Высокие деревья, покрытые красными листьями, желтыми цветами и гроздьями черных ягод, нависали над водой. Местами речка была широкой и мелкой, но кое-где она образовывала глубокие маленькие водоемы, пенящиеся у краев и усеянные дрожащими пузырьками. Эти-то водоемы и были излюбленным местом белых уток, которые плавали и кормились вдоль поросших водорослями берегов.
Выпятив свои ослепительно белые грудки, они плавали все взад и вперед, а под ними плавали вниз головой другие утки с такими же ослепительно белыми грудками и желтыми клювами.
– Вот она, наша ирландская флотилия, – сказал Пэт. – Посмотрите только на старого адмирала: шея у него зеленая, а на хвосте – флагшток.

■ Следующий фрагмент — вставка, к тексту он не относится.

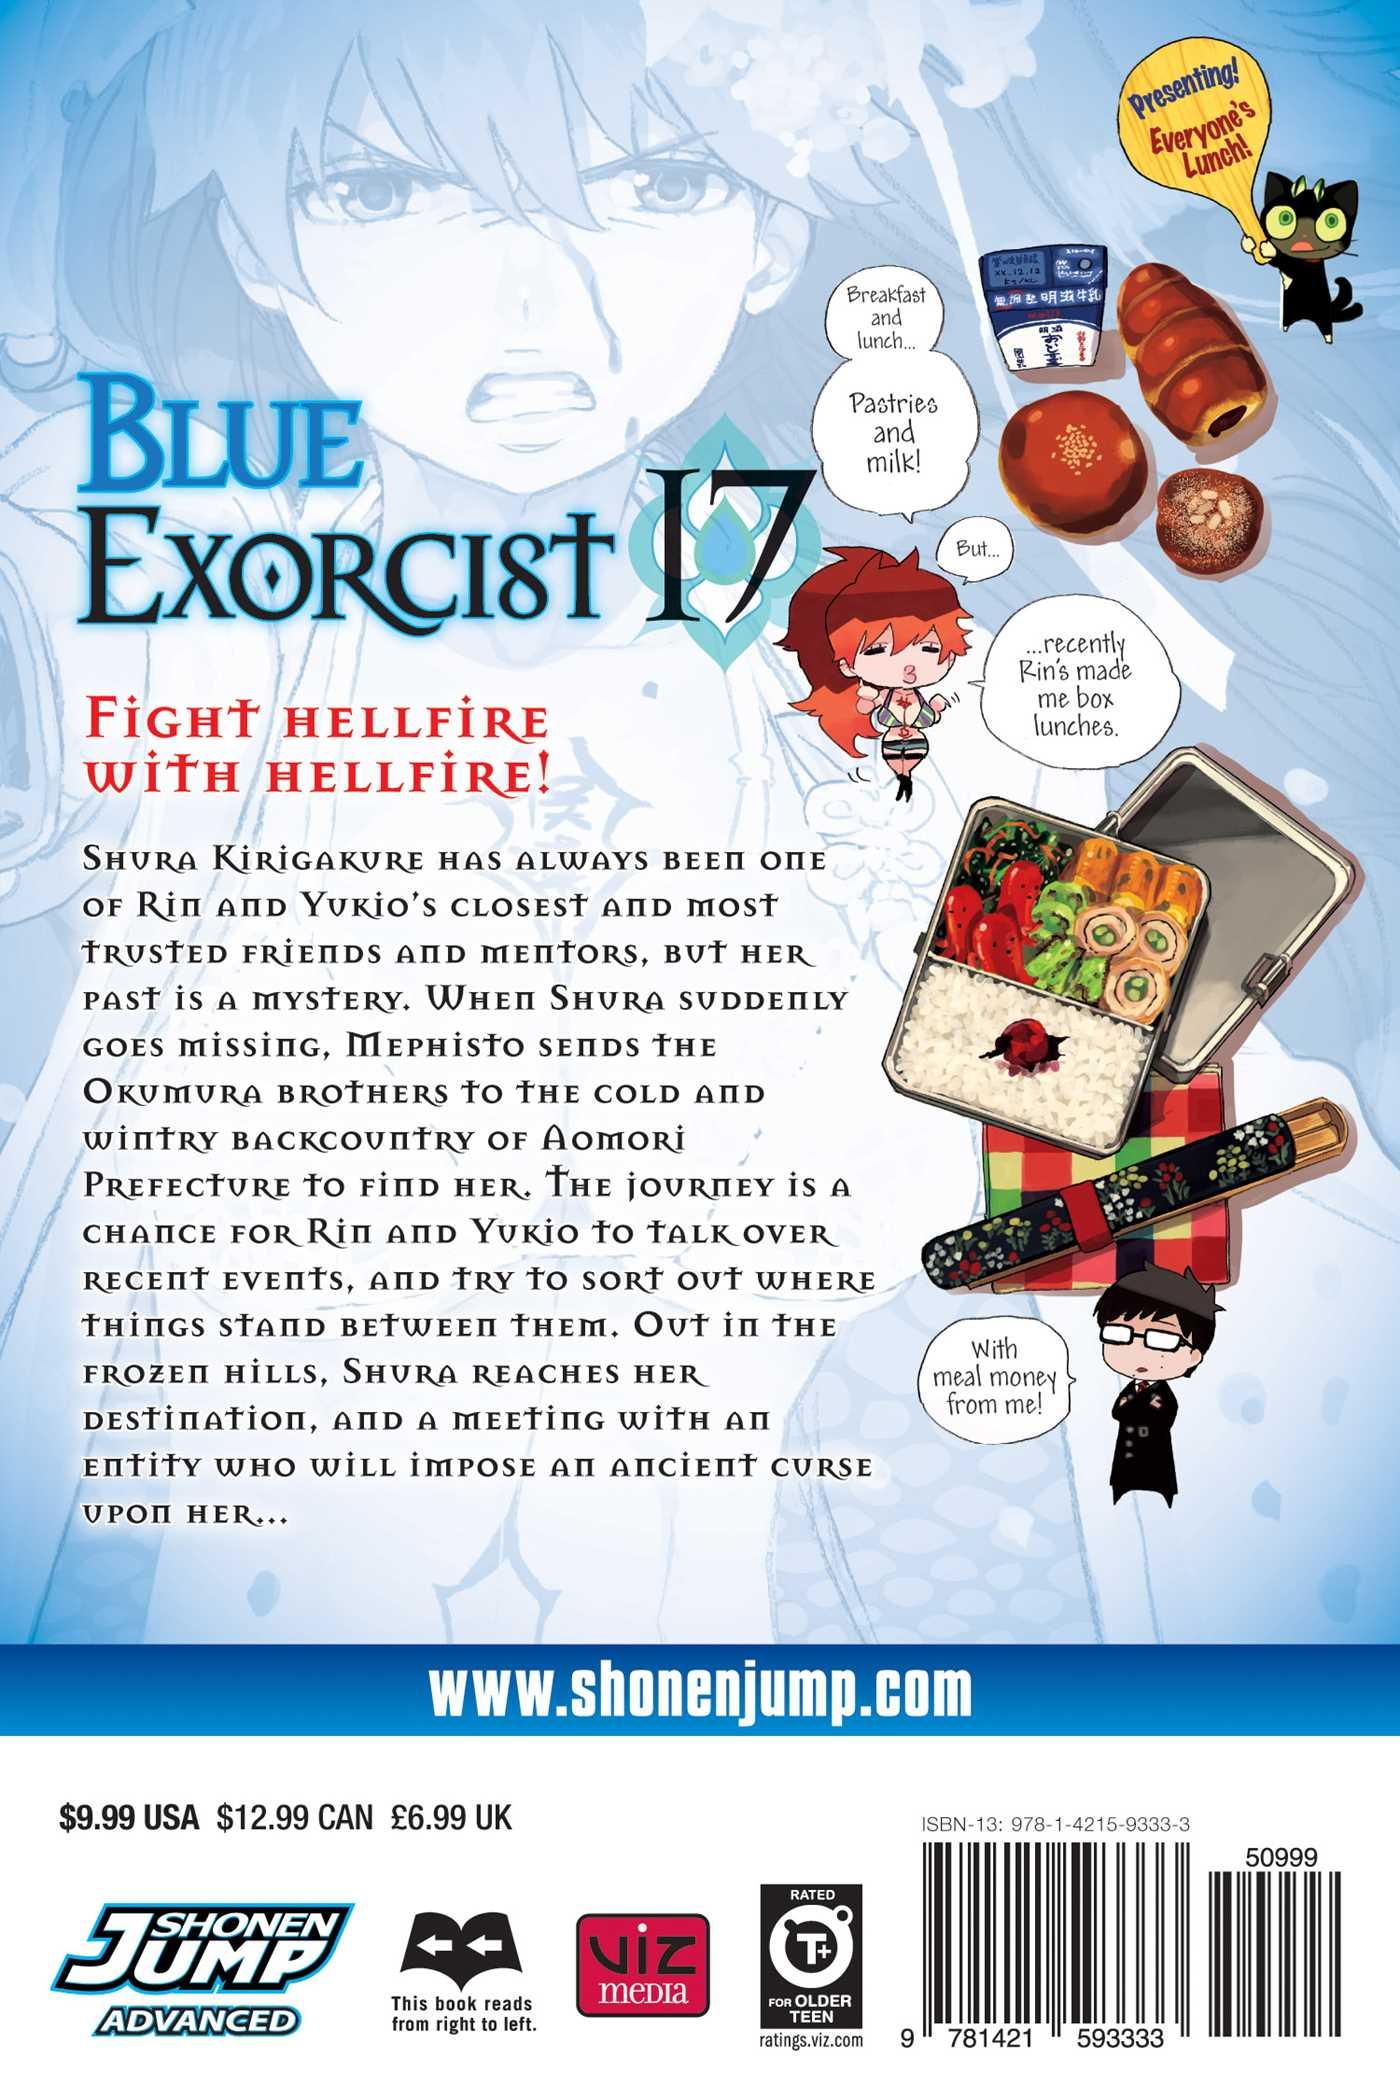 Blue Exorcist Manga Volume 17

Вытащив из кармана горсть зерна, Пэт двинулся к птичнику. Он шел неторопливо, надвинув на глаза соломенную шляпу с продавленной тульей.

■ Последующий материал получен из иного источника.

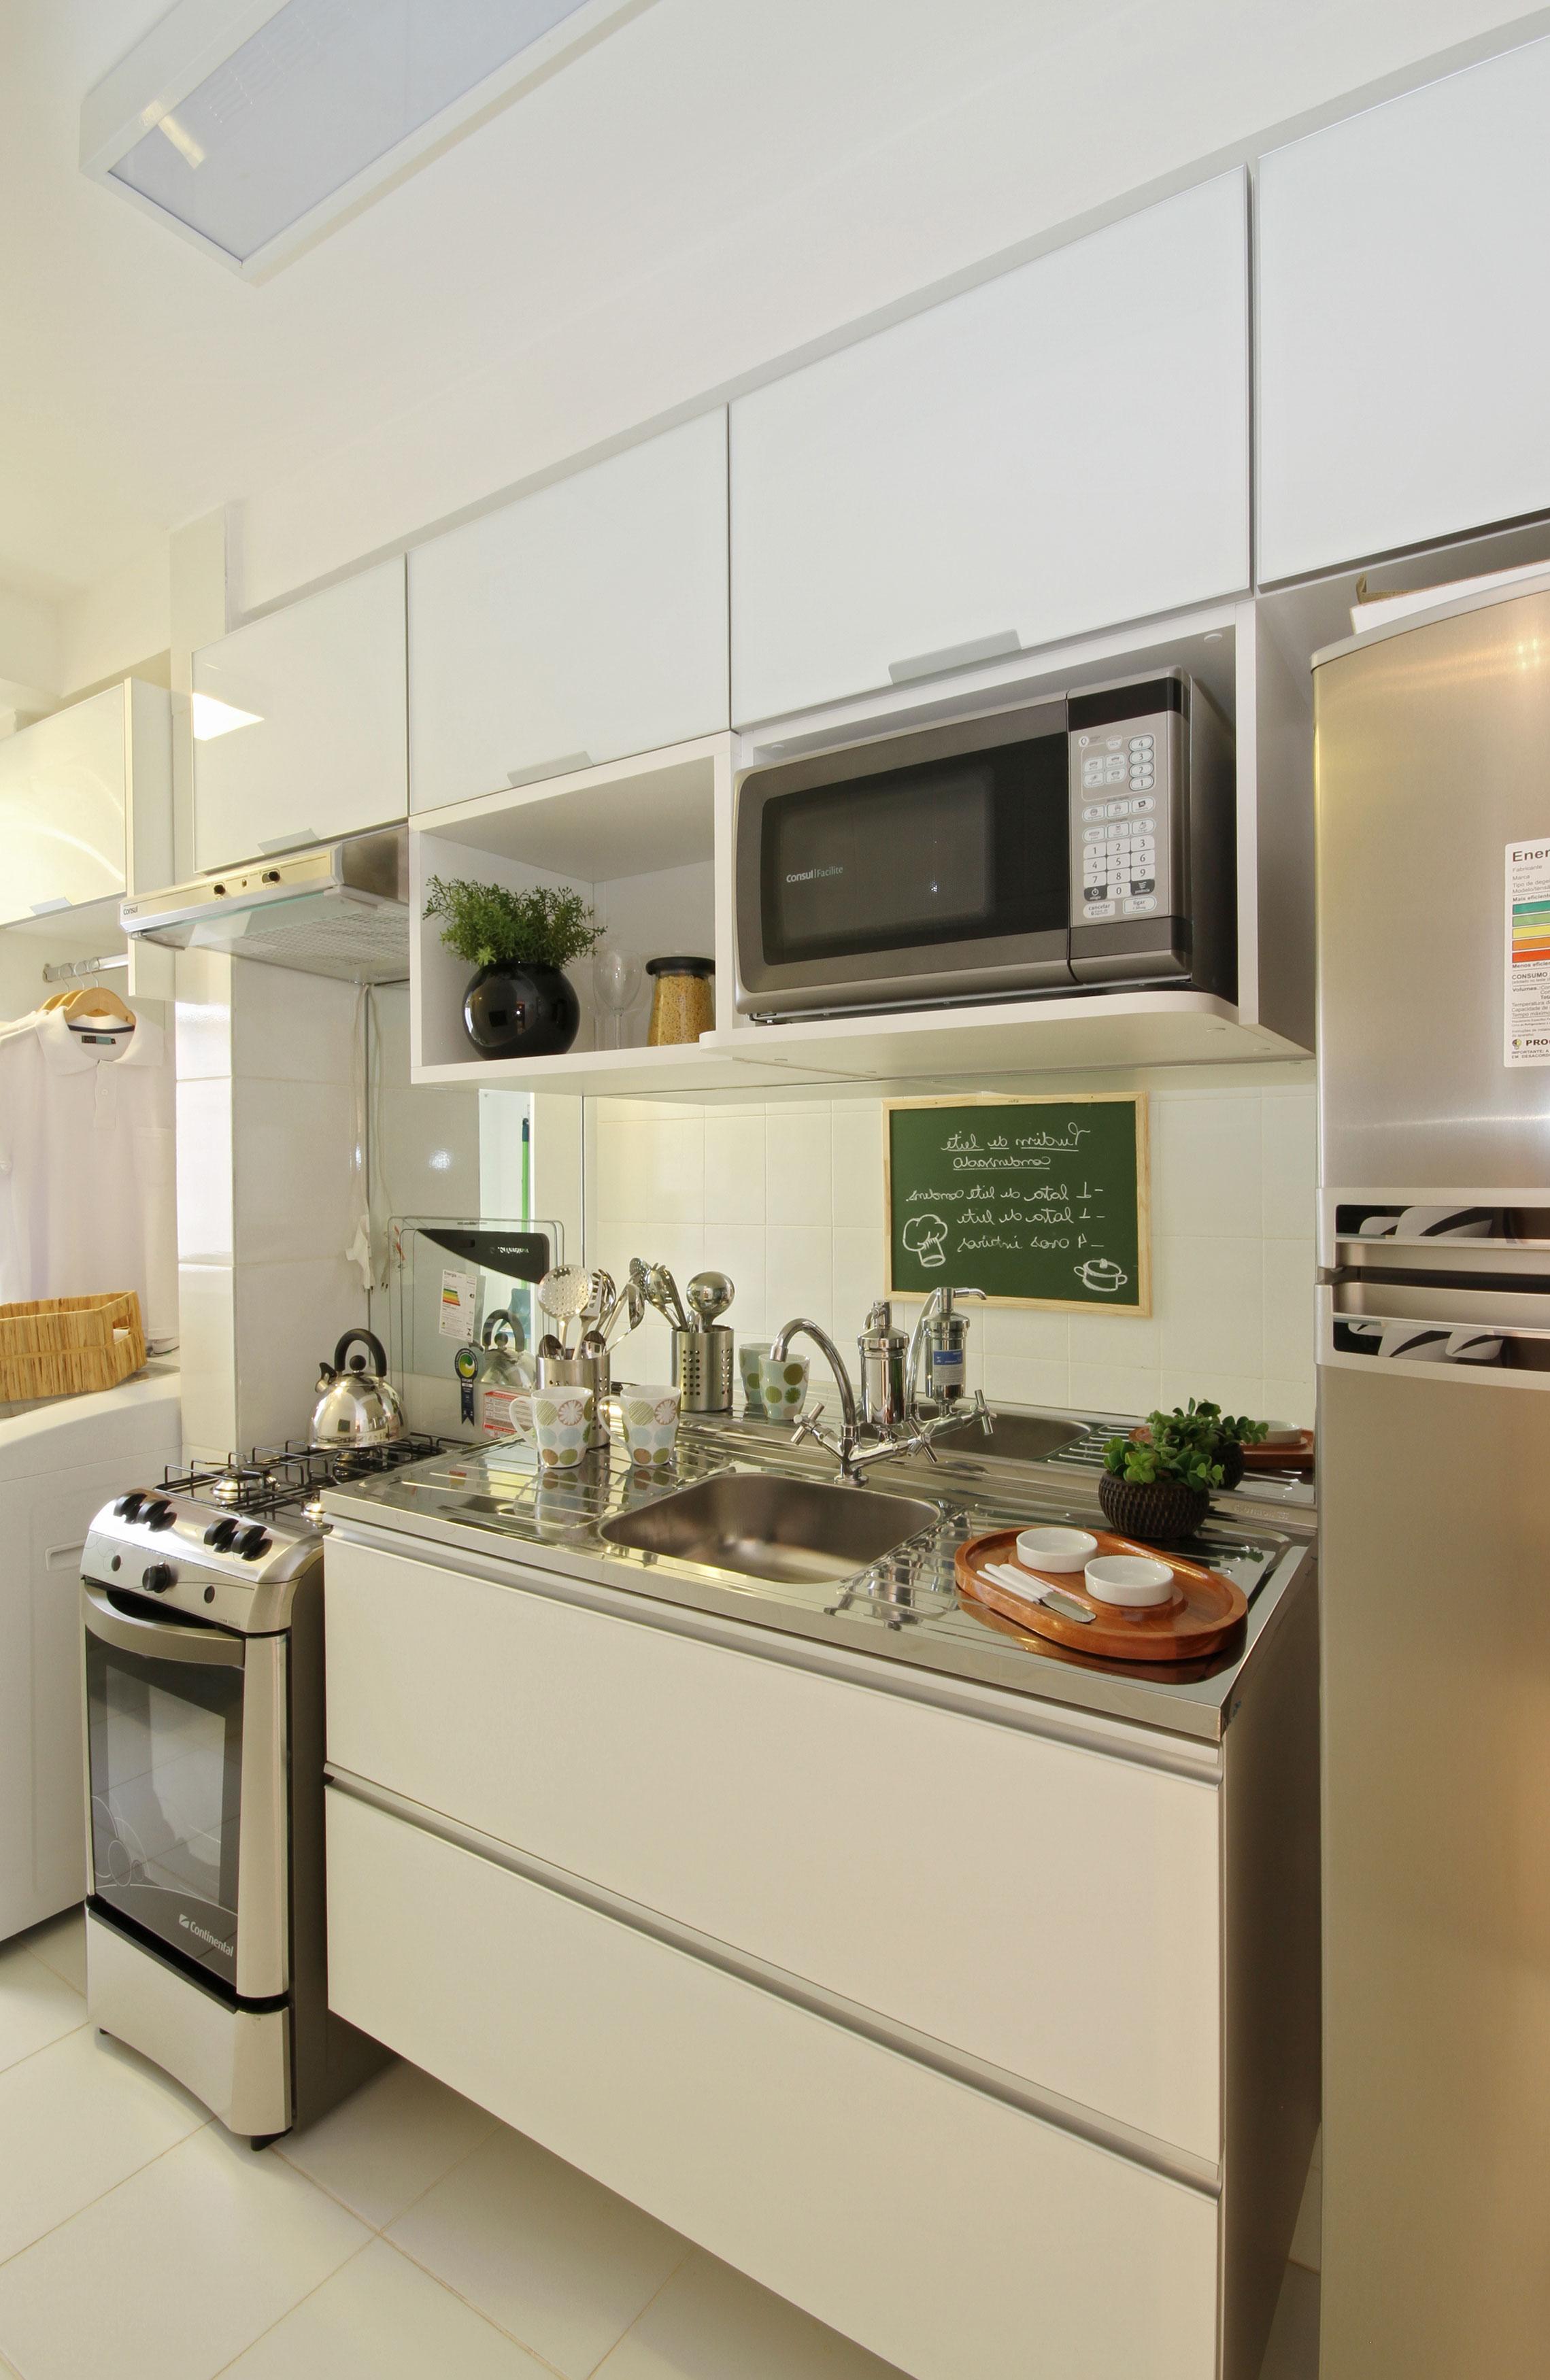 68,07 m² - Cozinha

– Уть! Уть-уть-уть-уть-уть, – звал Пэт.
– Кря! Кря-кря-кря-кря, – отвечали утки, подплывая к берегу. Хлопая крыльями и карабкаясь вверх, они потянулись за ним длинной, покачивающейся из стороны в сторону вереницей. Он манил их, делая вид, что бросает зерно, потряхивая им в руке, и звал до тех пор, пока они не окружили его белым кольцом.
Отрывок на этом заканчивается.